Considering the international success story of artistic research throughout the various artistic disciplines, it appears somewhat striking that the discipline of literature has so far not participated in the discourse. The reasons for this seem to be primarily of an institutional nature. While creative writing programmes are available as a type of professional literary training analogous to studies in photography, film, painting, music, theatre, etc., such programmes are usually embedded within the humanities; in the United States of America and Great Britain, traditionally within English departments. 4 Only in exceptional cases—and during the last decade—have creative writing programmes been established at art academies, art universities, and art schools. 5 Therefore, creative writing programmes are seldom related to other forms of arts education. And this explains why discussions about artistic research, still generally taking place at art schools, rarely include literature.
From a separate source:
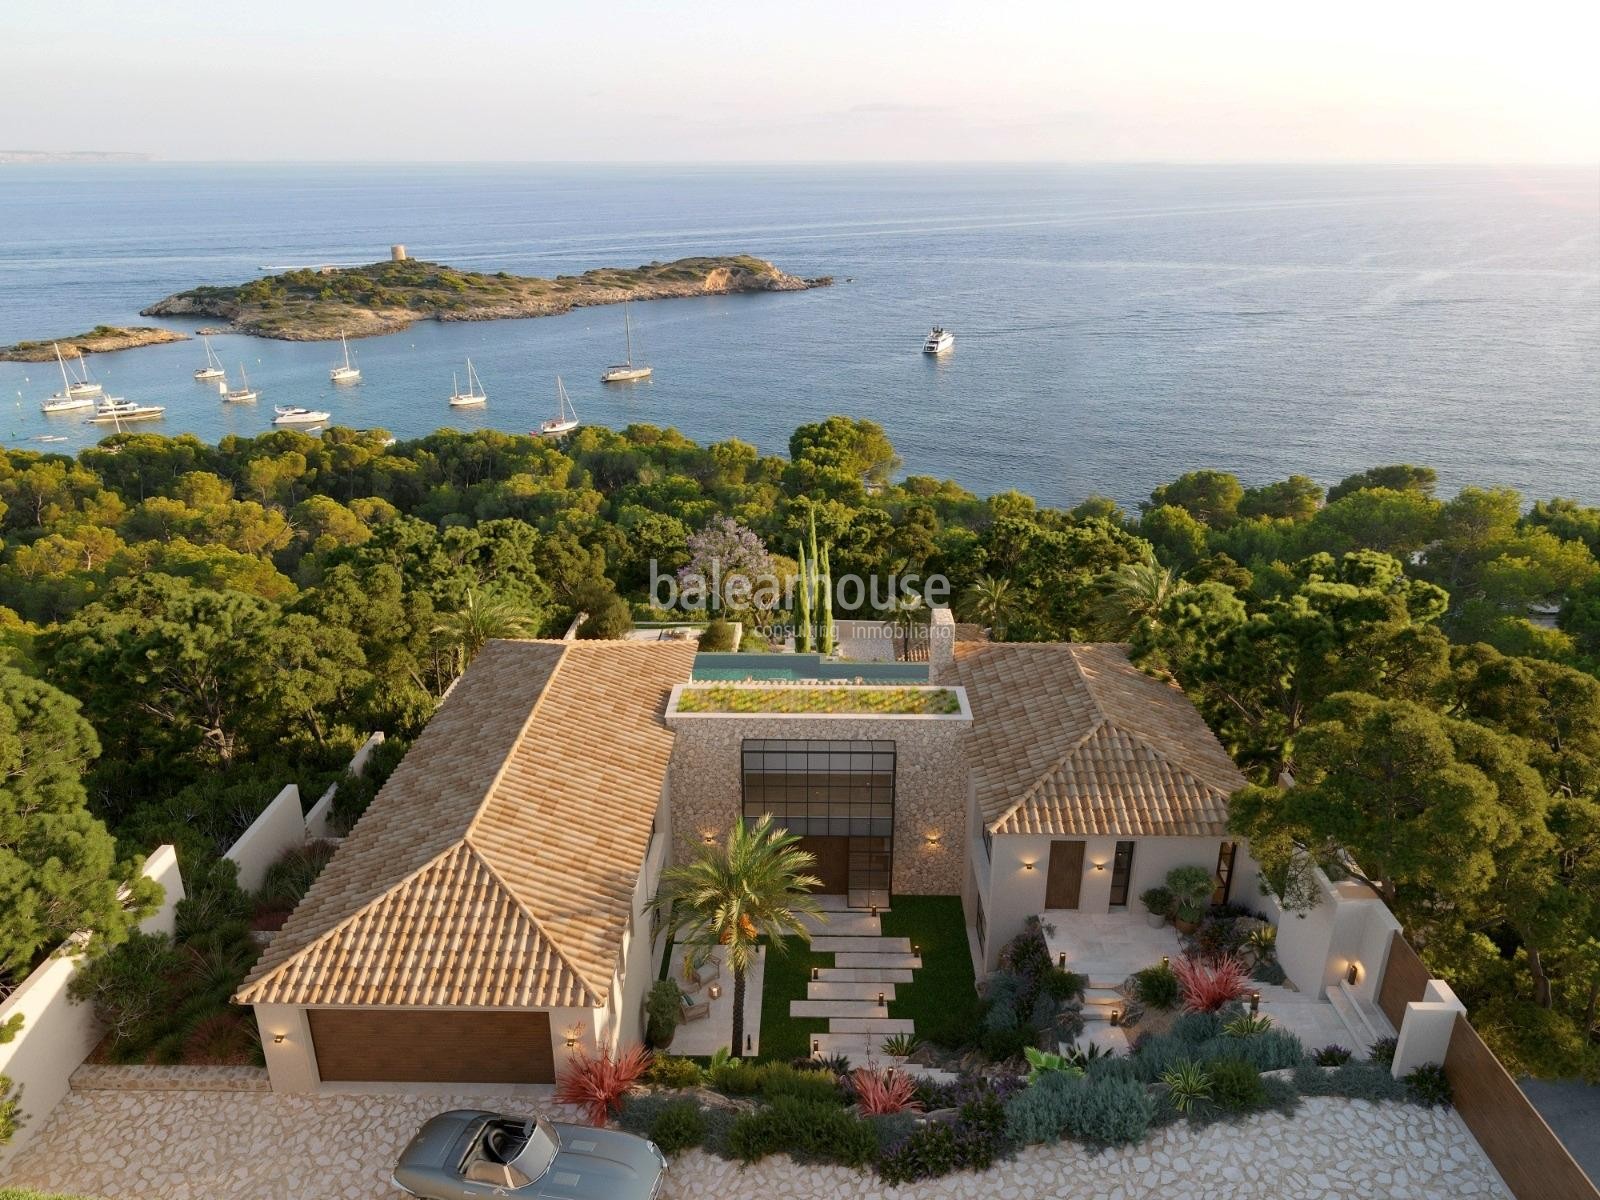 Gran villa de obra nueva con un elegante diseño contemporáneo y vistas deslumbrantes al mar.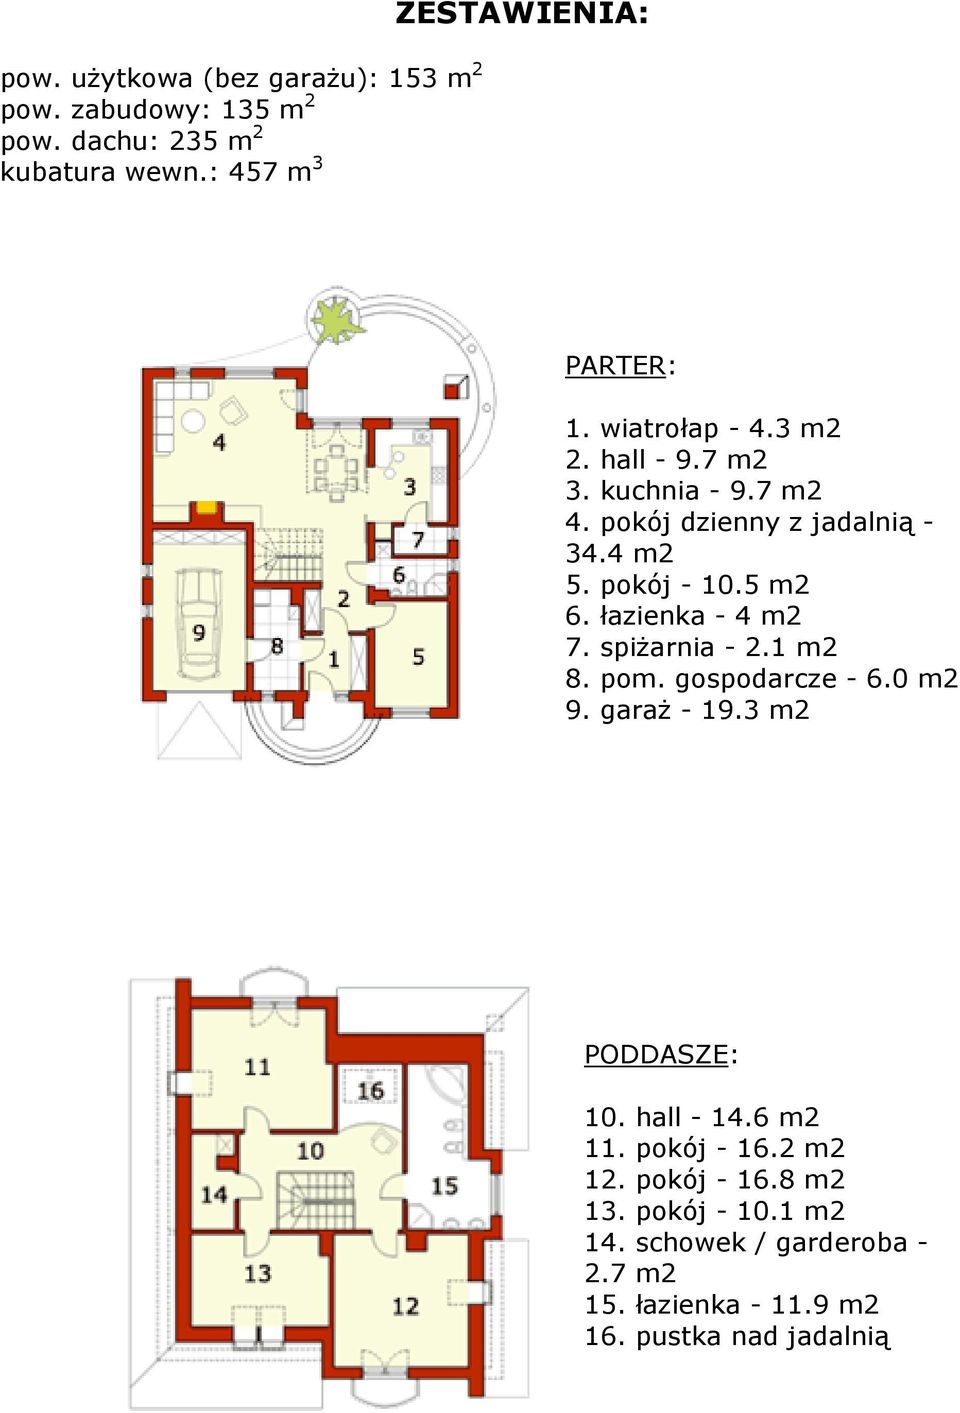 4 m2 5. pokój - 10.5 m2 6. łazienka - 4 m2 7. spiŝarnia - 2.1 m2 8. pom. gospodarcze - 6.0 m2 9. garaŝ - 19.

Writers and Scholars In-Between

Although literature as a discipline is not represented in the artistic research discourse, numerous individual writers and scholars have ties to a variety of institutional constellations in which overlaps between literature, art, and research become manifest:

  1. Writers who teach their literary practice in new institutional contexts. In addition to the new creative writing programmes at art schools, a few recently set up programmes also foster specifically conceptual and transdisciplinary modes of ‘art writing’ at universities.
  2. Writers who are increasingly employed by art schools to teach thesis writing classes. As a result of the establishment of artistic research and especially in view of PhD programmes, thesis writing is gaining importance already at MA level.
  3. Transdisciplinary writers who are active in several fields of the arts, and who are also teaching their particular crossover practices to younger colleagues.
  4. Literary scholars who teach creative writing or ‘theory’ classes at art schools.
  5. Art historians and cultural historians who inquire and observe the emergence and development of artistic research as a discipline.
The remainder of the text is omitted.